Padre Guglielmo e p. Giuseppe hanno vissuto gli anni terribili della guerra civile in Sierra Leone, con stragi inenarrabili che hanno segnato profondamente tutti quelli che hanno vissuto quei foschi anni. Penso che non sia facile riprendere la vita missionaria quando i fatti sembrano quasi dimostrare l'inefficacia del tuo lavoro di evangelizzatore. P. Gerardo ha scritto libri e compiuto studi sulla storia missionaria della Sierra Leone, scattando anche belle fotografie. Anche p. Giuseppe ha pubblicato almeno un libro fotografico con didascalie sulla tragedia della Sierra leone.

Ricordandoli, pensiamo alla loro scelta di dare tutta la vita al Signore per donare il vangelo al mondo. Una scelta sbocciata nell'infanzia e poi confermata da adulti. Non possiamo che avere un senso di ammirazione e gratitudine per questi fratelli che hanno accettato l'invito del Signore. Ancor di più la gratitudine va al Signore che ce li ha donati. Nonostante le difficoltà della loro vita missionaria, hanno perseverato fino alla fine. Chissà quanti aneddoti potrebbero raccontarci ancora della loro vita missionaria. Qualcosa è stato scritto, qualcosa forse verrà scritto domani. Ma ora, su questa pagina, a pochi giorni dalla loro scomparsa, mi preme fissare con voi il ricordo della loro vita come un dono della Provvidenza per quelli che hanno avuto l'occasione di incontrarli.

P. Gugliemo Camera è stato mio assistente ad Alzano nel 1964, in prima media. Noi ragazzi lo chiamavamo, grazie ai primi rudimenti di inglese, William Room. Era una vocazione adulta e più anziano degli altri due assistenti ma solo di pochi anni. Era un formidabile attore. Interpretava il signor Epaminonda Torsoloni nell'operetta Una gara in Montagna che, durante l'estate di quegli anni sessanta, portavamo in giro per i paesi attorno a Castione della Presolana dove avevamo il campeggio.

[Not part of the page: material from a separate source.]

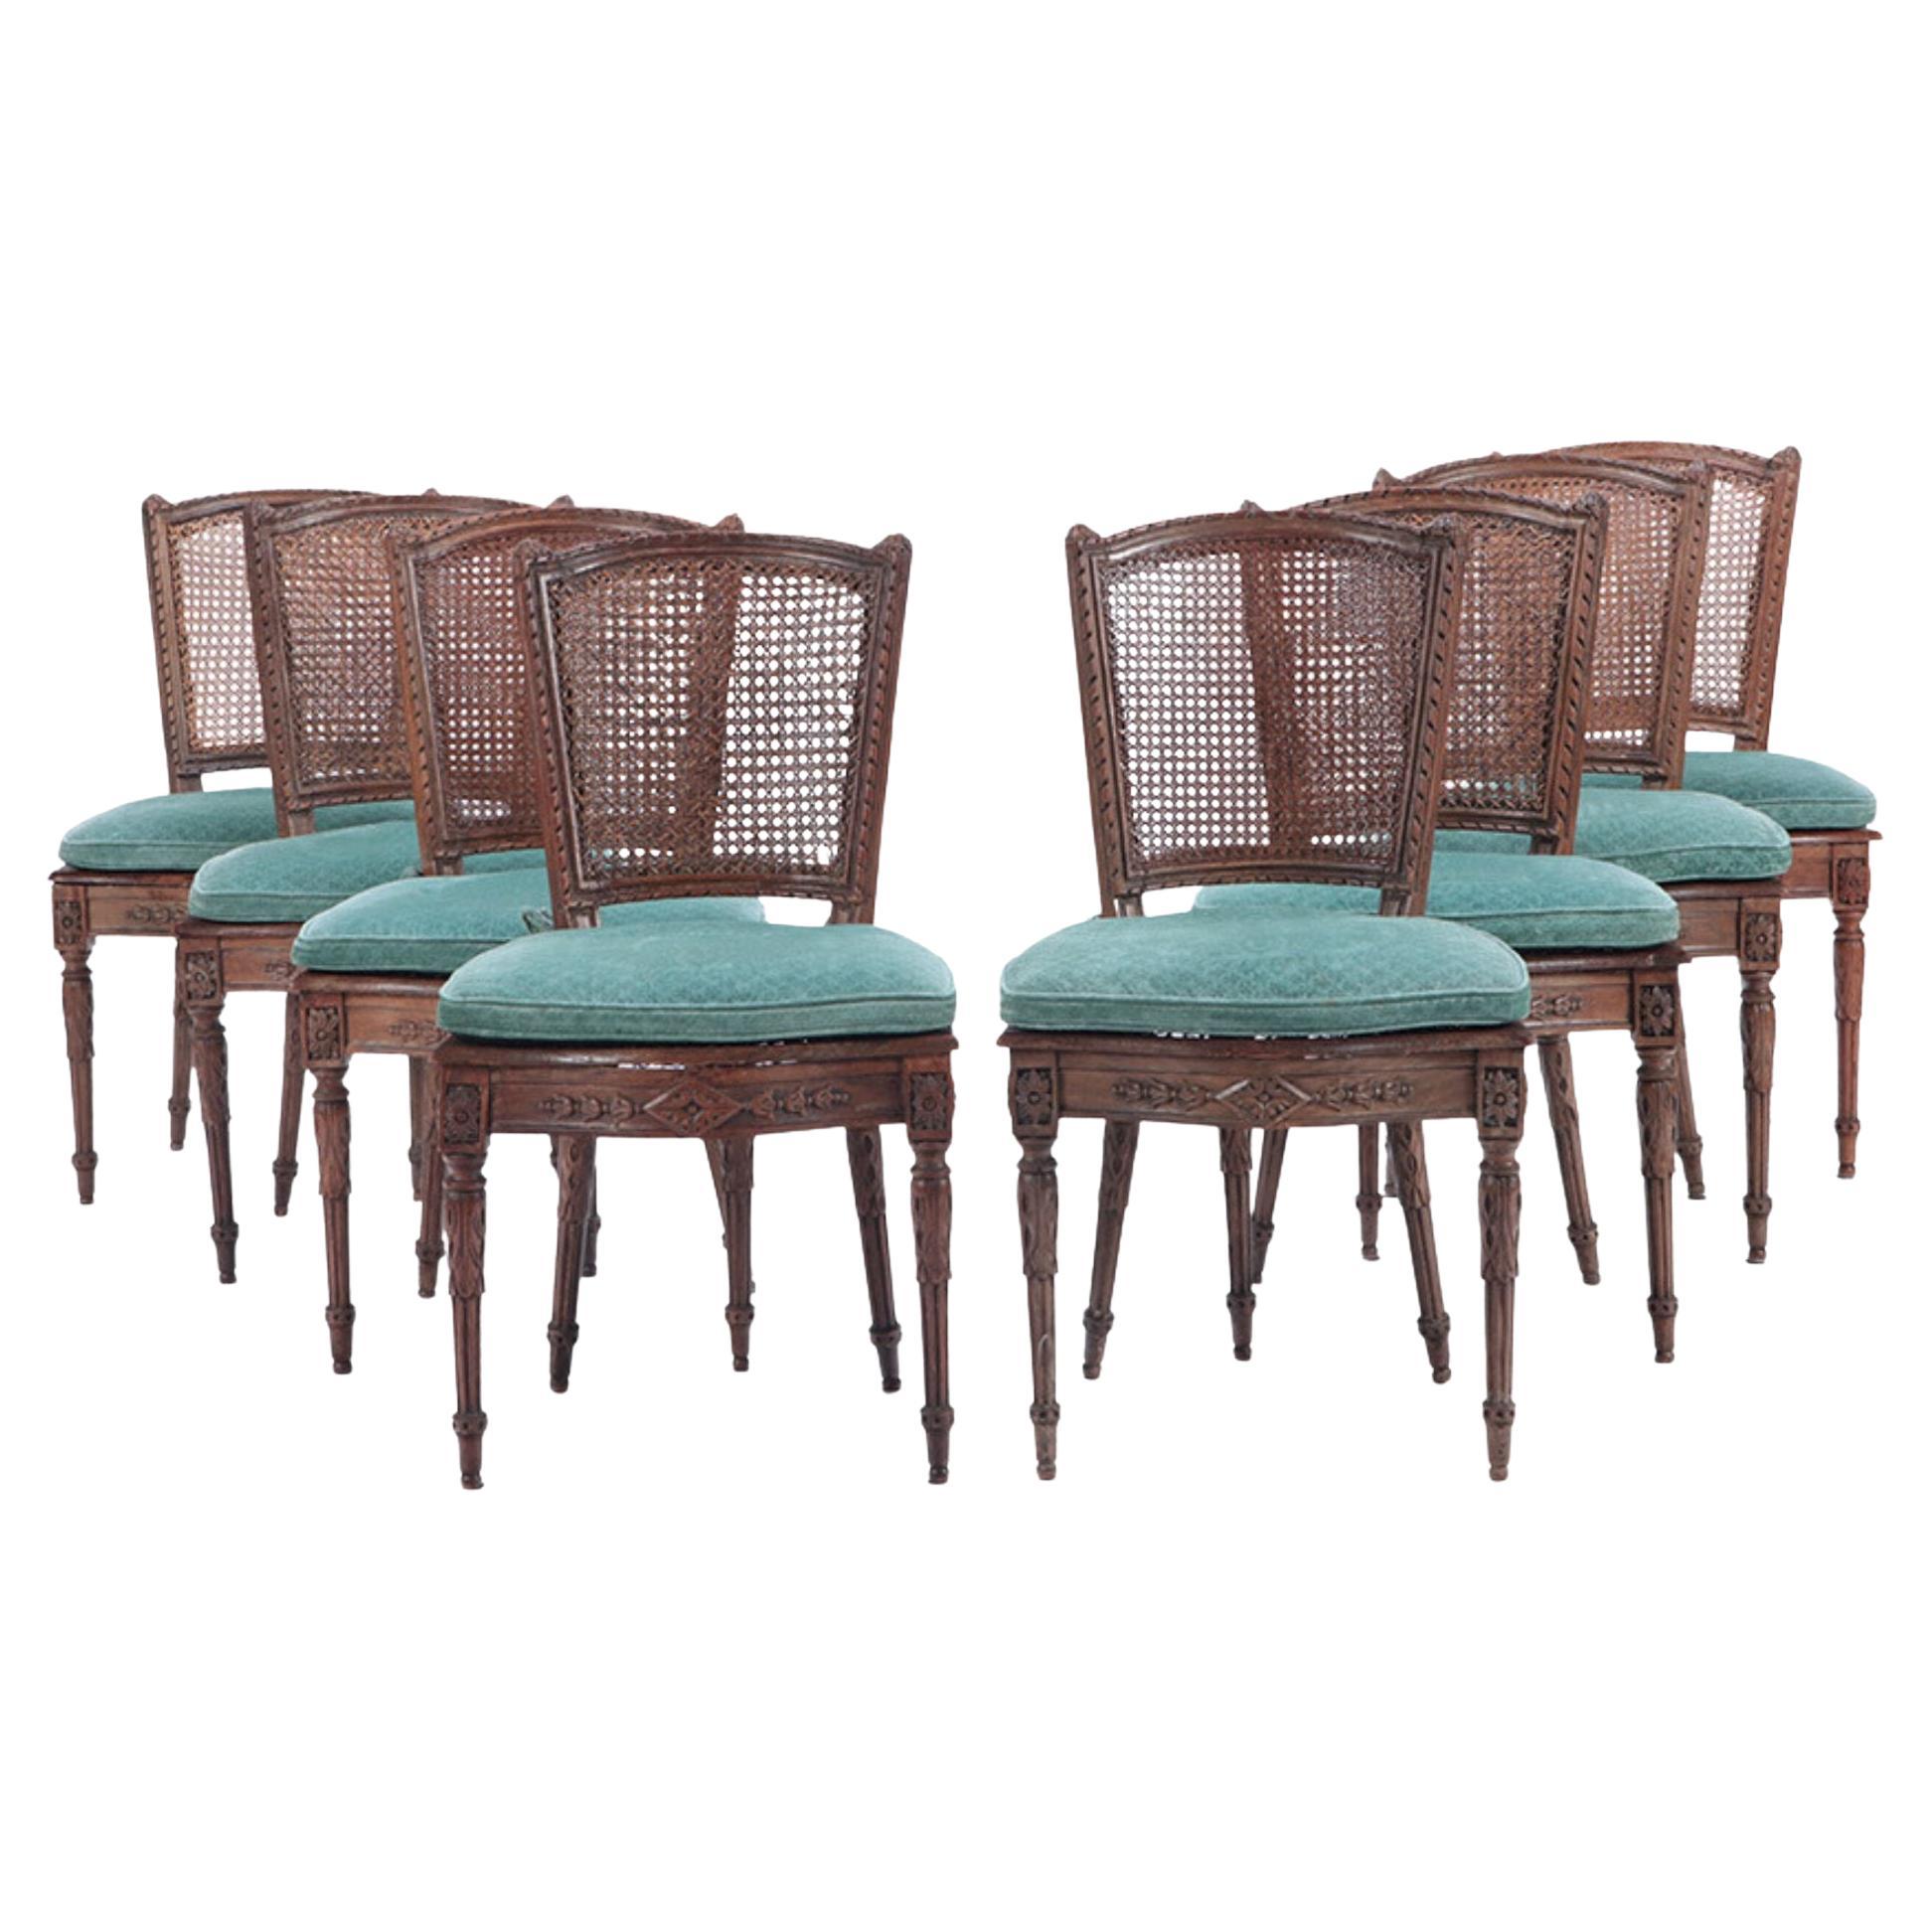 Set of Eight Walnut and Cane Dining Room Chairs, Early 19th Century

In questi ultimi anni si era dedicato a numerose cause di beatificazione, tra cui quella della beata Benedetta Bianchi Porro (diocesi di Forlì Cesena), di p. Pietro Uccelli e dei martiri saveriani del Congo (1964). È stato in Sierra Leone negli anni della guerra civile. Mons. Giorgio Biguzzi, allora vescovo di Makeni, mi diceva che la sua presenza è stata davvero preziosa nel seminario interdiocesano. Quando i saveriani si riunivano, p. Guglielmo era solito, nei dopo cena, allietare i confratelli con la sua voce baritonale, intonando canti bergamaschi. Originario della Val Seriana, sopra Ardesio, aveva quei tratti tipici della gente di montagna: schivo, tenace, grande lavoratore e uomo di profonda fede. Aveva avuto tra i numerosi incarichi anche quello di Rettore della teologia a Parma agli inizi di questo millennio. È stato da noi, a fine febbraio, per portare le corone del rosario con l'effige di p. Luigi Carrara ben avviato, ci diceva, verso la beatificazione, con gli altri due confratelli, fr. Vittorio Faccin e Giovanni Didonè.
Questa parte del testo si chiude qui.